Sängerin Kelly Clarkson, 38, ist zufrieden mit der gerichtlichen Entscheidung des primären Sorgerechts, da ihre beiden Kinder "ihre erste Priorität” sind. Das berichtet eine Quelle gegenüber dem US-Magazin People. Doch die Scheidung droht teuer zu werden für die Sängerin und Talkmasterin. Ihr Ex-Gatte, Musikmanager Brandon Blackstock, 43, verlangt monatliche Unterhaltszahlungen in Höhe von satten 364.400 Euro, nachdem ein Richter in Los Angeles County Kelly Clarkson das primäre Sorgerecht für die gemeinsamen Kinder River Rose Blackstock, 6, und Remington Alexander Blackstock,4, zugesprochen hat. "Brandon ist in seinem Verlangen nach Unterhalt für die Kinder und sich selbst sowie in Bezug auf die Anwaltskosten gleichermaßen unverschämt", so berichtet die Quelle in People.

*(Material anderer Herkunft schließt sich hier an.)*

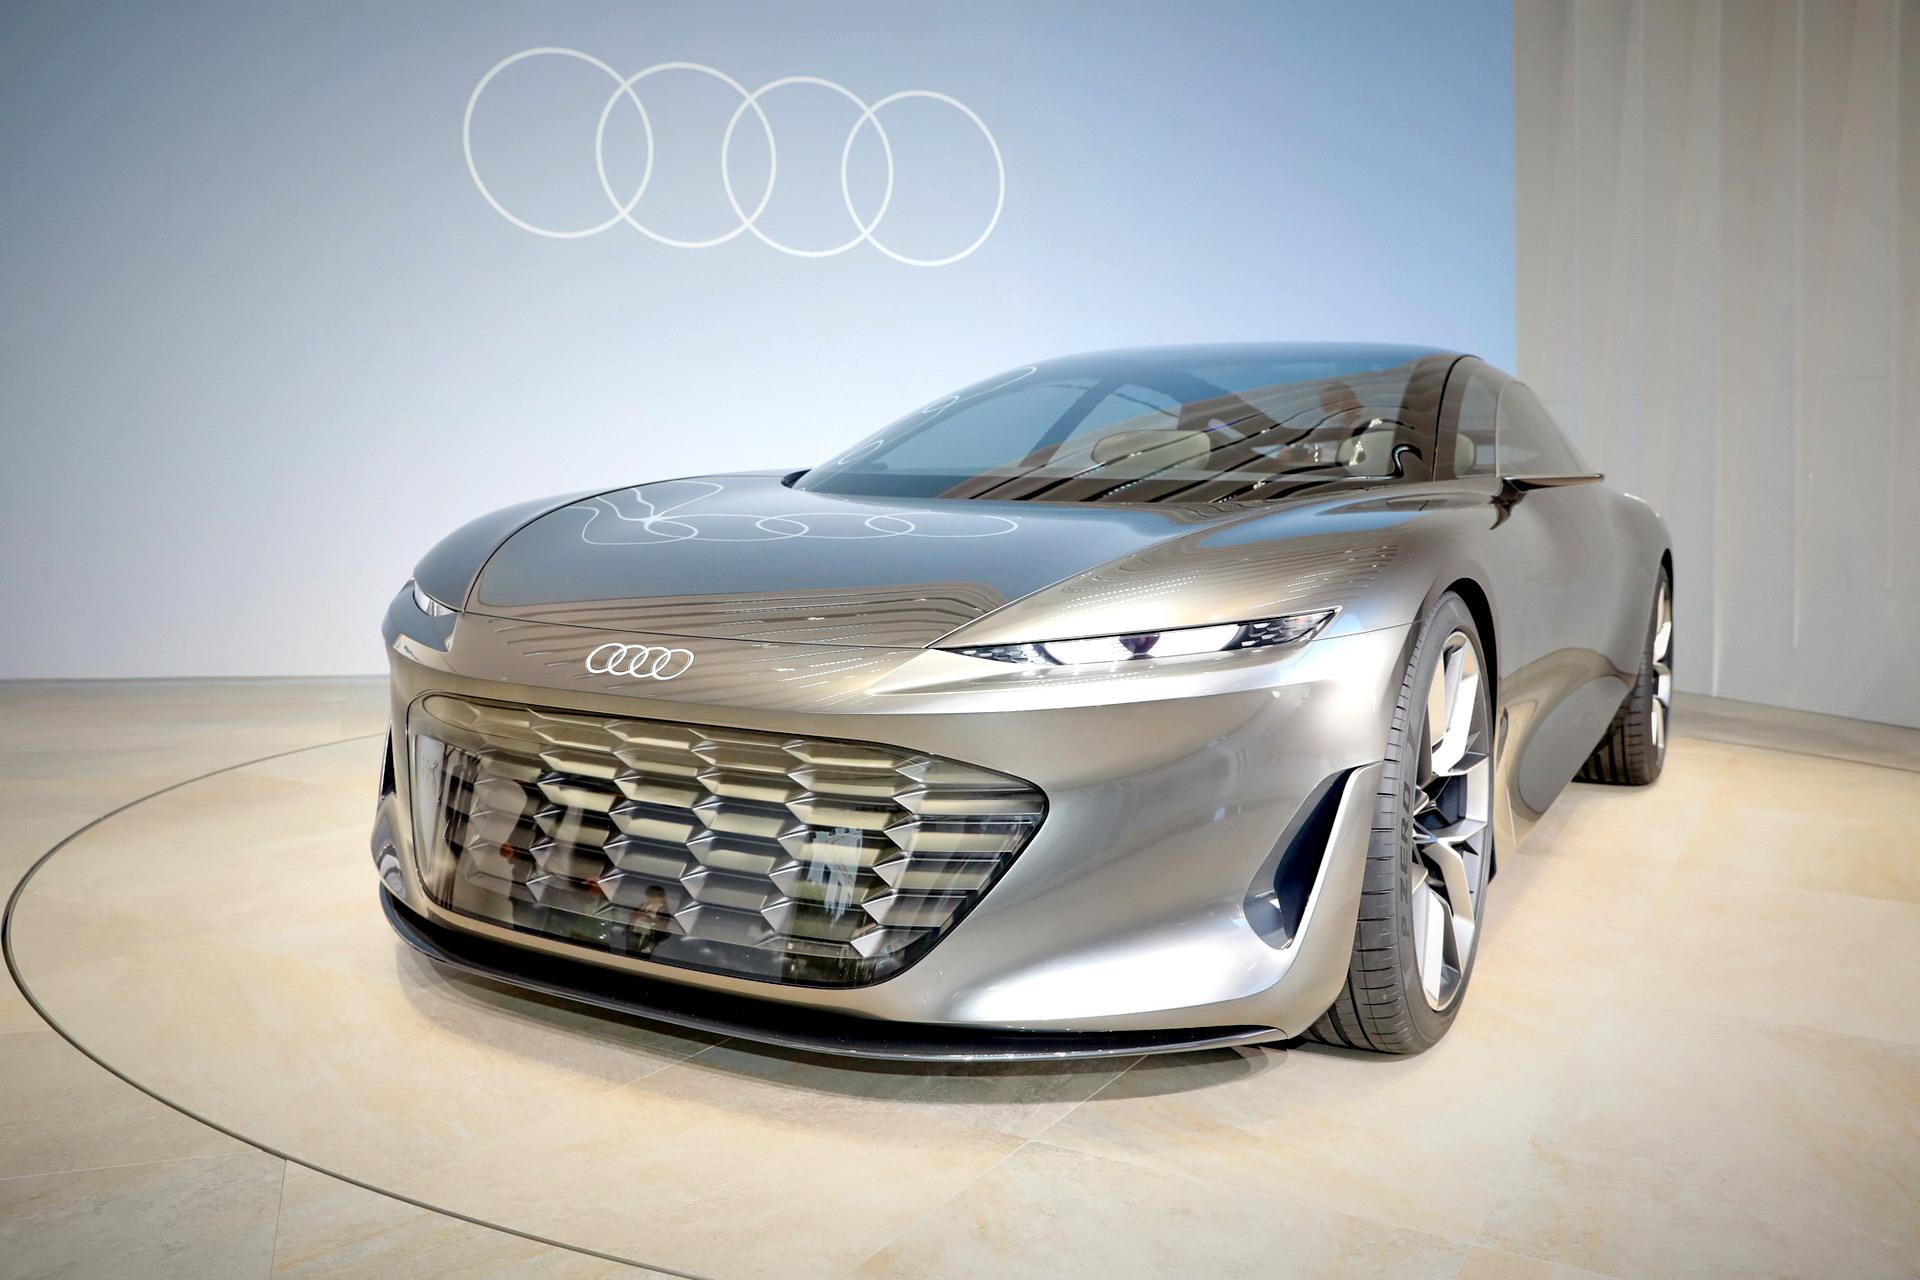 Audi-GrandSphere-Concept-A8-41.jpg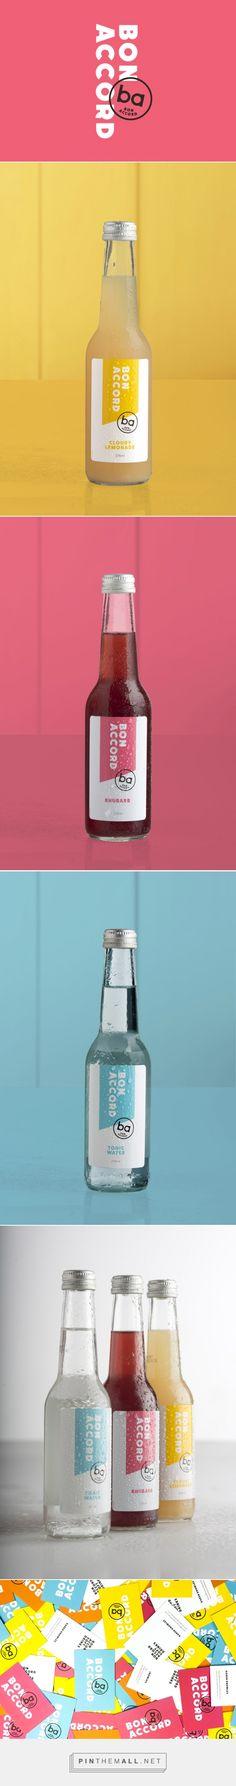 Bon Accord Beverage Packaging by Creative Graffix | Fivestar Branding Agency – Design and Branding Agency & Inspiration Gallery

Kelly Clarkson: Der Ex verlangt über 4 Millionen pro Jahr

"Kelly hat angeboten, alle Ausgaben für die Kinder zu bezahlen, aber Brandon scheint zu glauben, dass er Anspruch auf Ehegattenunterstützung in Höhe von 252.000 Euro und Kindergeld in Höhe von 113.000 Euro pro Monat hat und benötigt", so die Quelle gegenüber People. "Außerdem verlangt er schon jetzt 1.7 Millionen Euro für Anwaltskosten, obwohl er derjenige ist, der die Kosten der Scheidung mit sieben Anwälten in die Höhe treibt, die alle nur ihn vertreten", fügt der Insider hinzu. Sollte Blackstock mit dieser Zahlungsforderung durchkommen, würde er mehr als 4.35 Millionen Euro pro Jahr erhalten.

Sie will ihre Kinder schützen

Kelly Clarkson hatte im Juni nach sieben Ehe die Scheidung eingereicht, die jedoch noch nicht offiziell ist. "Eine Scheidung ist schwer und für die meisten Paare spannungsgeladen. Aber Kellys Hauptaugenmerk liegt darauf, das Beste zu tun, um die Kinder zu schützen", fügt die Quelle hinzu.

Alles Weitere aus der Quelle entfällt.